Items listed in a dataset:
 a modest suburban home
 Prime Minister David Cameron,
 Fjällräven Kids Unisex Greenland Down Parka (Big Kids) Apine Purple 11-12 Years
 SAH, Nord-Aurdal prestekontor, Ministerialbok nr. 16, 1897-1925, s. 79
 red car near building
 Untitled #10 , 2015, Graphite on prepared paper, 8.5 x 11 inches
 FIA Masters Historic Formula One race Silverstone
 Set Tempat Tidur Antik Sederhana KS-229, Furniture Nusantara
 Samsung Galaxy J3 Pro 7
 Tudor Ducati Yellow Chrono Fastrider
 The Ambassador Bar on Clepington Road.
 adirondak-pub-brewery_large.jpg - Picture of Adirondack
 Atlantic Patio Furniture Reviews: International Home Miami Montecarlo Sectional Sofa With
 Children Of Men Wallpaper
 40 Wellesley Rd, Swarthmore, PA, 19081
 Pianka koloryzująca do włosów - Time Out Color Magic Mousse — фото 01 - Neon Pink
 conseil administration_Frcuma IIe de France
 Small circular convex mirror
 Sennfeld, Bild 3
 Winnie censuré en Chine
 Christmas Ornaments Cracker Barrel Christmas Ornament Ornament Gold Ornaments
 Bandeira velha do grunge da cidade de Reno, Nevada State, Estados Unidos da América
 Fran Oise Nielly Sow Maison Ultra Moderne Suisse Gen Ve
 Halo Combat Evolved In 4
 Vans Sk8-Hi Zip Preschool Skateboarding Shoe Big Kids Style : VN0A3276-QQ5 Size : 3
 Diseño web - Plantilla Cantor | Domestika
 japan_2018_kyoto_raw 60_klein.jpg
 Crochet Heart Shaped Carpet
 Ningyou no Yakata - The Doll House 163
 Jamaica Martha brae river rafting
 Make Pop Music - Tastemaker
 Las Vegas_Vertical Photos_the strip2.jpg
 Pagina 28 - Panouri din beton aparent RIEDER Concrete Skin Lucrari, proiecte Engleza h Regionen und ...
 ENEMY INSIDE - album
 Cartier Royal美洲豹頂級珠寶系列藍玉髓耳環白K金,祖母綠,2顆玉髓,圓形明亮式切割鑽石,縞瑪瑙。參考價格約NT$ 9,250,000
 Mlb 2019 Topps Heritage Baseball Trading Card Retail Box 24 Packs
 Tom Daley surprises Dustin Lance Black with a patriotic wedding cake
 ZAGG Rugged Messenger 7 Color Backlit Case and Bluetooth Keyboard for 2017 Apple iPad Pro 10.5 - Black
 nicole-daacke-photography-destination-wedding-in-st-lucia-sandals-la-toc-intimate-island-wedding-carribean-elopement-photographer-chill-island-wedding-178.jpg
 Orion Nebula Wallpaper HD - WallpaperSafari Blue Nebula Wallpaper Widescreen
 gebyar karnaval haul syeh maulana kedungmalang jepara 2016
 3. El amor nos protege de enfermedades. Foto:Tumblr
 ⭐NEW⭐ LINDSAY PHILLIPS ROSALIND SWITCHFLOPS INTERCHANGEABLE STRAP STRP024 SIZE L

GOAL OF THE EXERCISE:
Only the lines above from the line containing "Set Tempat Tidur" through the line containing "40 Wellesley Rd, Swarthmore, PA, 19081" should be retyped, exactly and with both ends included.

SOLUTION BELOW:
 Set Tempat Tidur Antik Sederhana KS-229, Furniture Nusantara
 Samsung Galaxy J3 Pro 7
 Tudor Ducati Yellow Chrono Fastrider
 The Ambassador Bar on Clepington Road.
 adirondak-pub-brewery_large.jpg - Picture of Adirondack
 Atlantic Patio Furniture Reviews: International Home Miami Montecarlo Sectional Sofa With
 Children Of Men Wallpaper
 40 Wellesley Rd, Swarthmore, PA, 19081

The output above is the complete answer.